= Problem statement =
Word for word, set down the lines from the one that contains "Quatre feuilles cristallines" through the final line of the data; no pictures belong in the copy.

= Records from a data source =
= Beginning of Section =

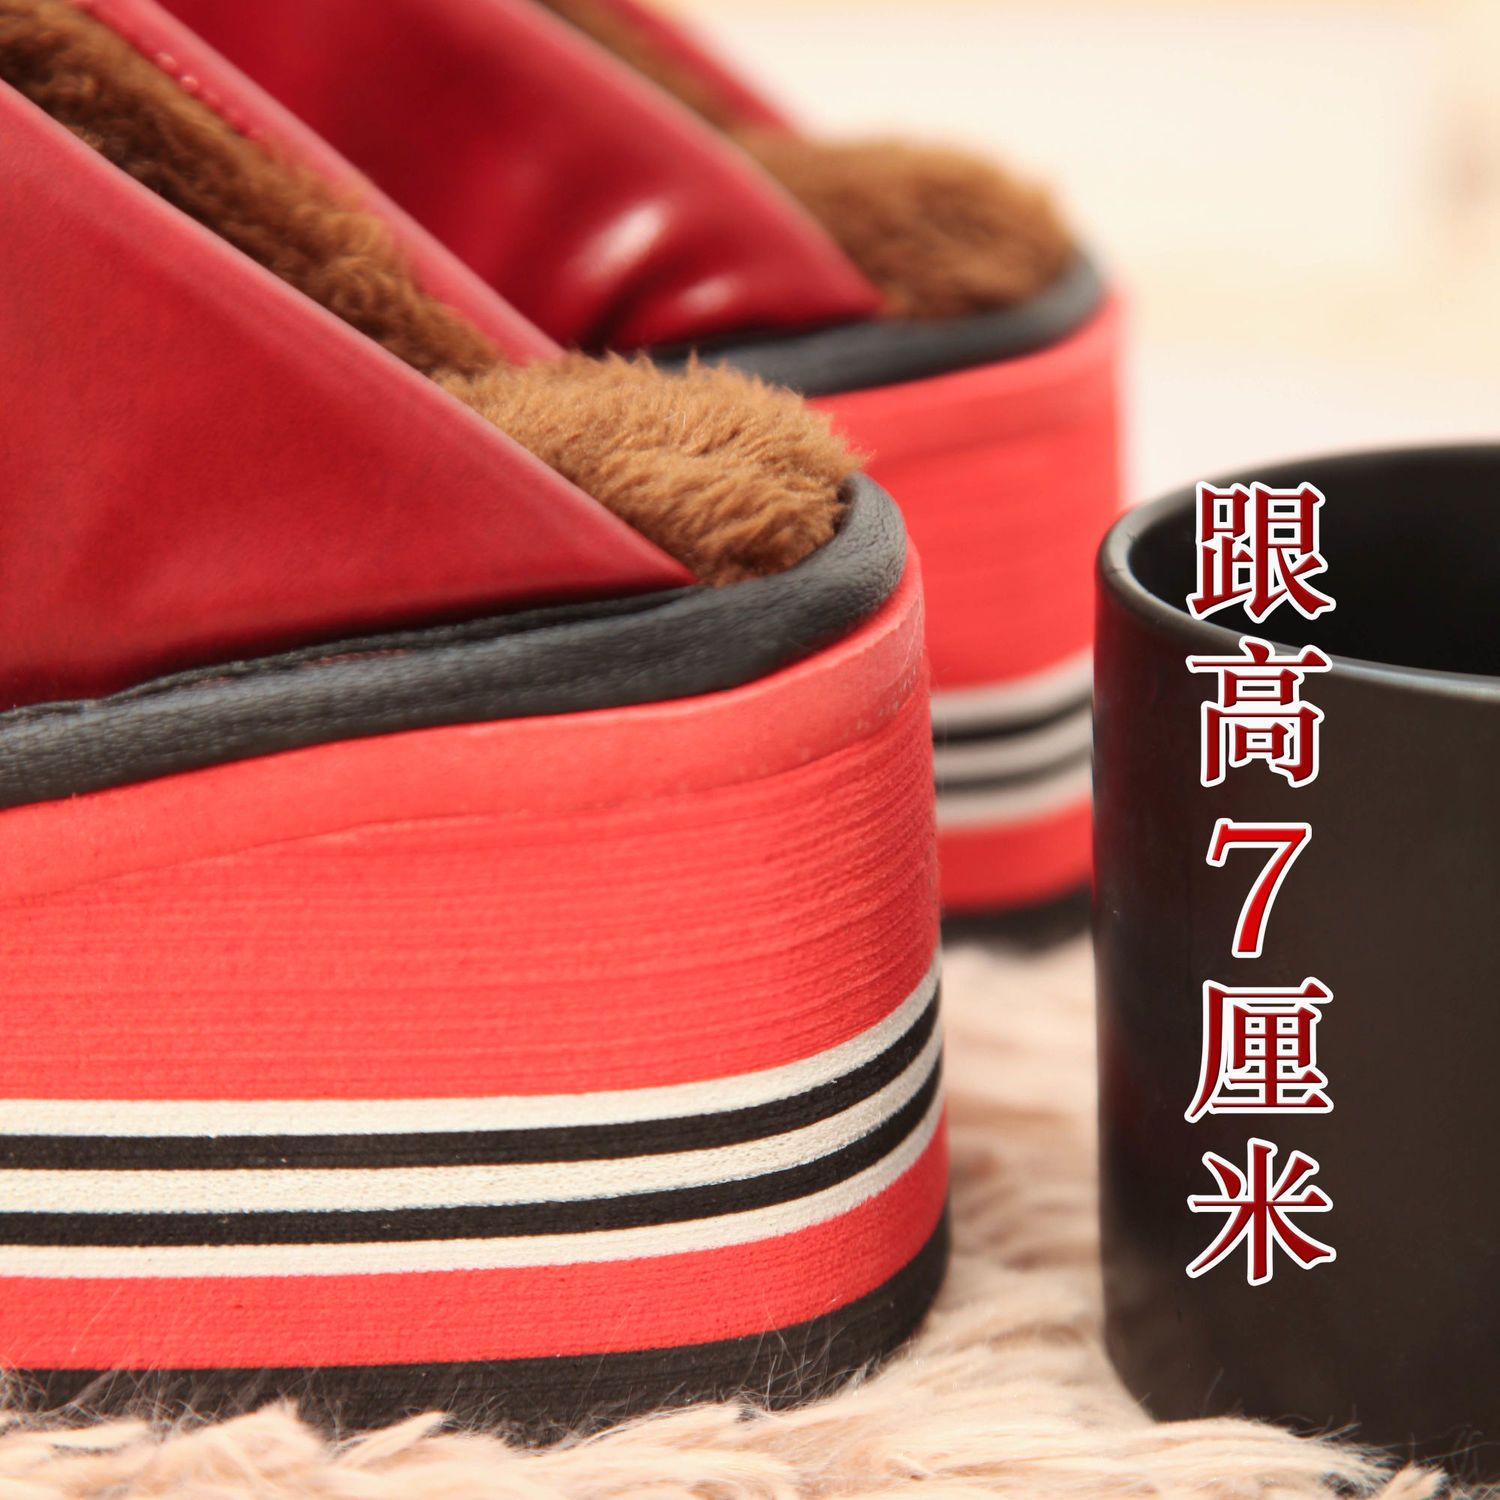 棉拖鞋女冬季居家鞋皮面保暖防滑增高加绒超厚底高跟手工防水拖鞋
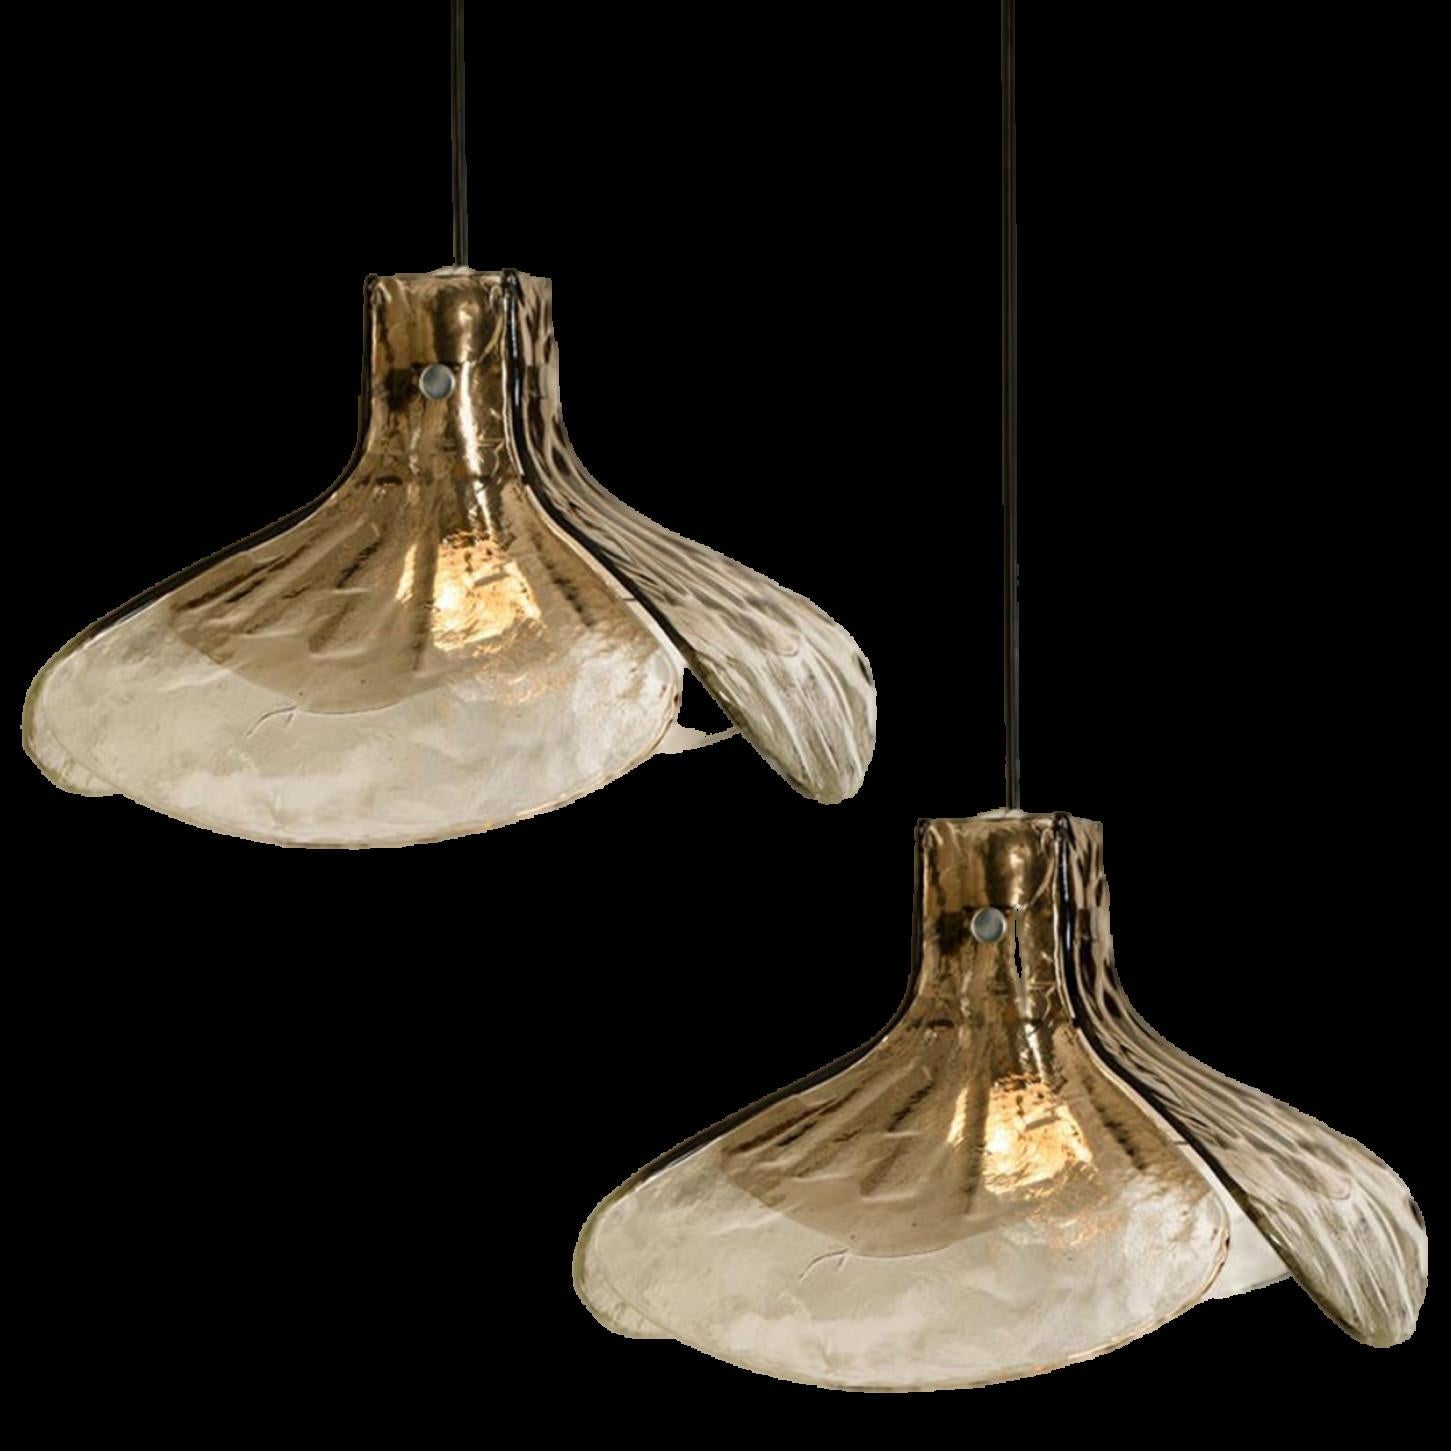 1 des 2 lampes suspendues, modèle LS185 par Carlo Nason pour Mazzega.
Quatre feuilles cristallines et fumées composent cette belle pièce artisanale en verre épais de Murano.

Mesures : H 16.93
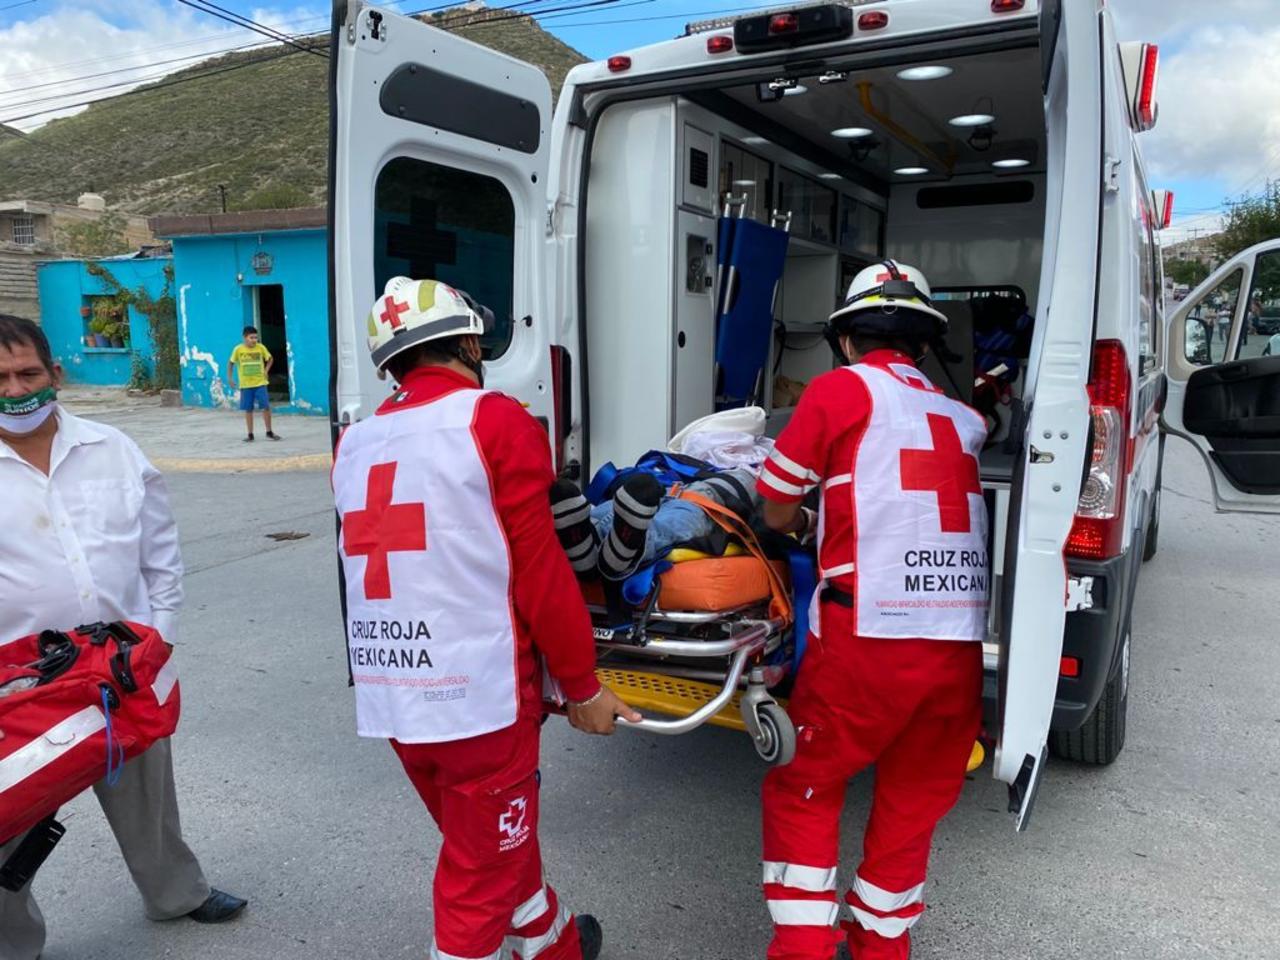 Al lugar acudieron paramédicos de Cruz Roja, quienes inmovilizaron al motociclista y lo trasladaron de emergencia a la Clínica 1 del IMSS, donde se reporta su estado de salud como grave.

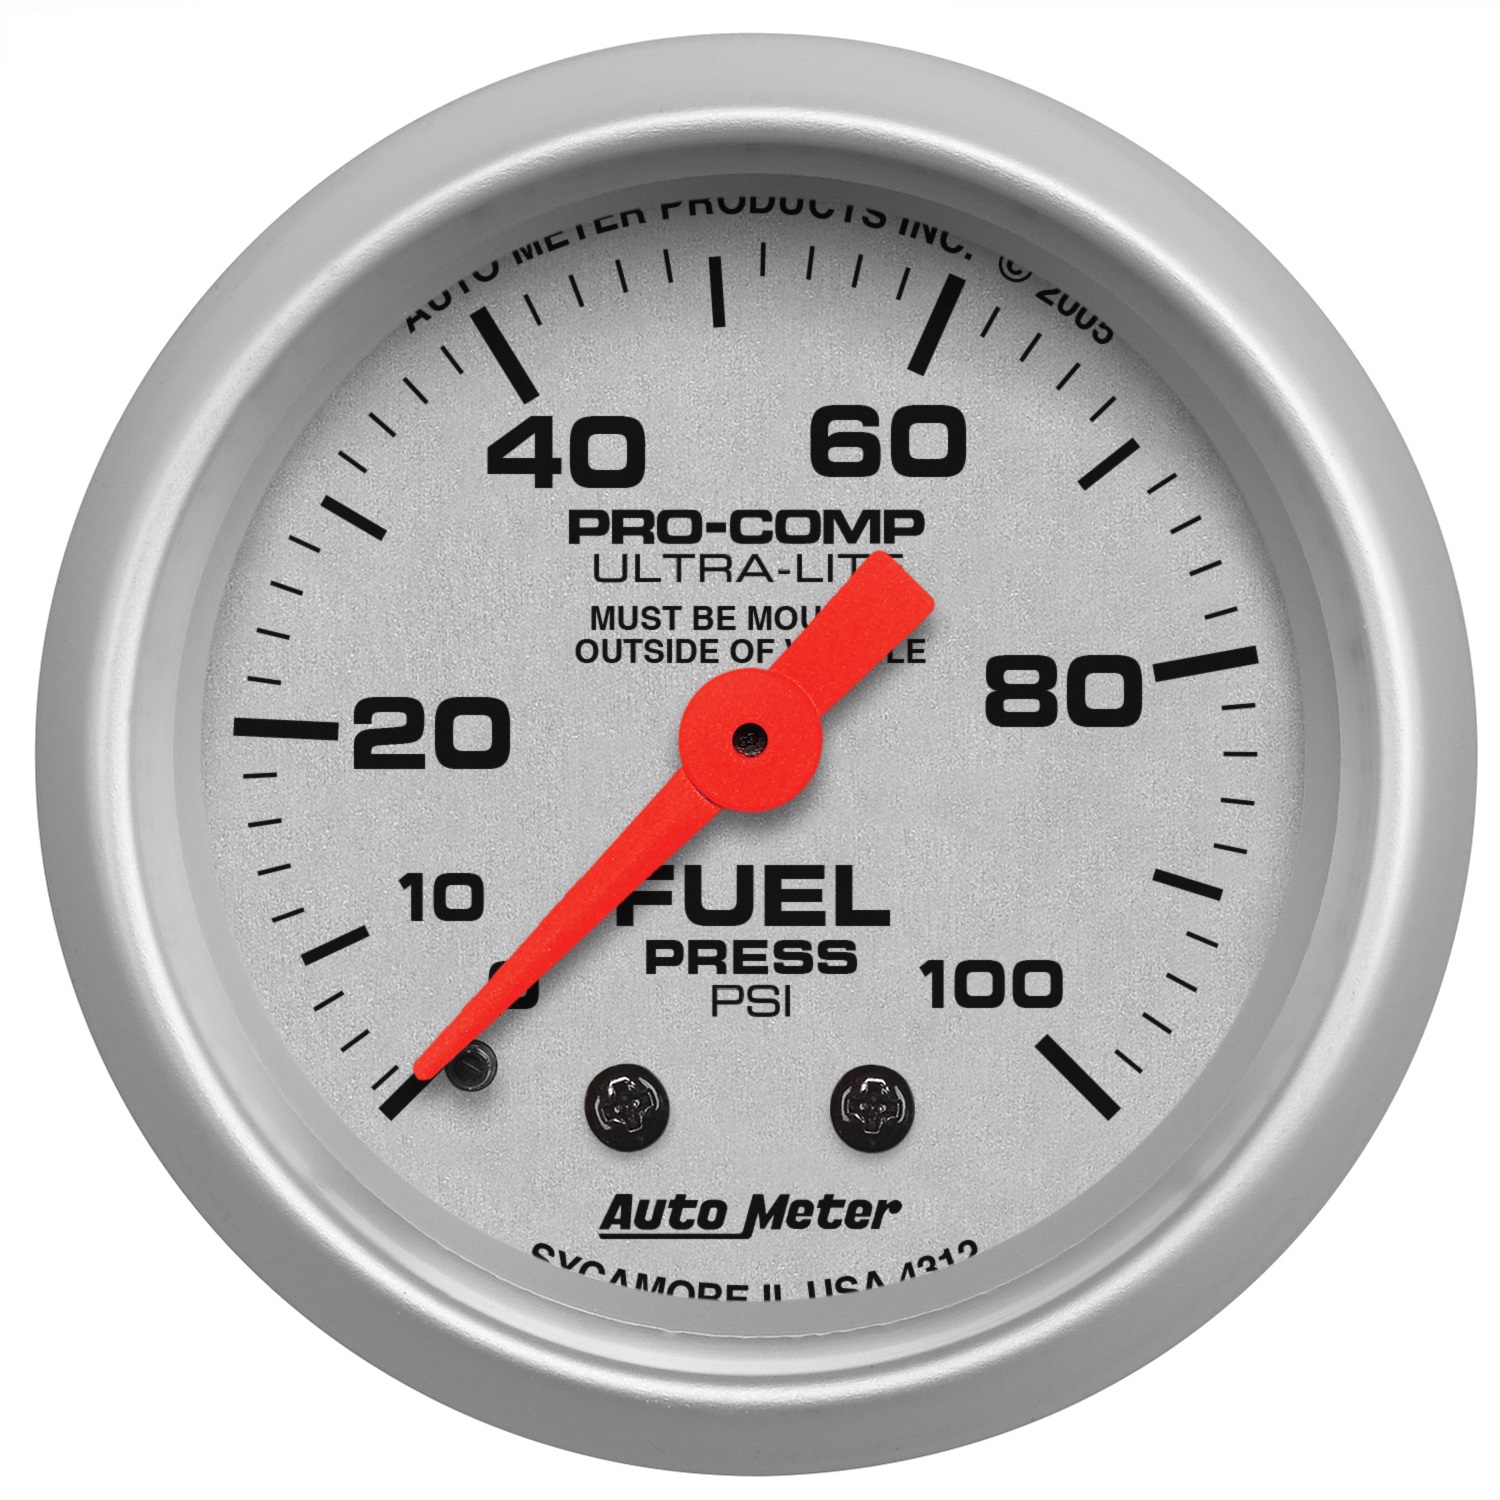 Auto Meter Auto Meter 4312 Ultra-Lite; Mechanical Fuel Pressure Gauge

= End of Section =

= Solution for this problem =
Quatre feuilles cristallines et fumées composent cette belle pièce artisanale en verre épais de Murano.

Mesures : H 16.93
 Al lugar acudieron paramédicos de Cruz Roja, quienes inmovilizaron al motociclista y lo trasladaron de emergencia a la Clínica 1 del IMSS, donde se reporta su estado de salud como grave.

 Auto Meter Auto Meter 4312 Ultra-Lite; Mechanical Fuel Pressure Gauge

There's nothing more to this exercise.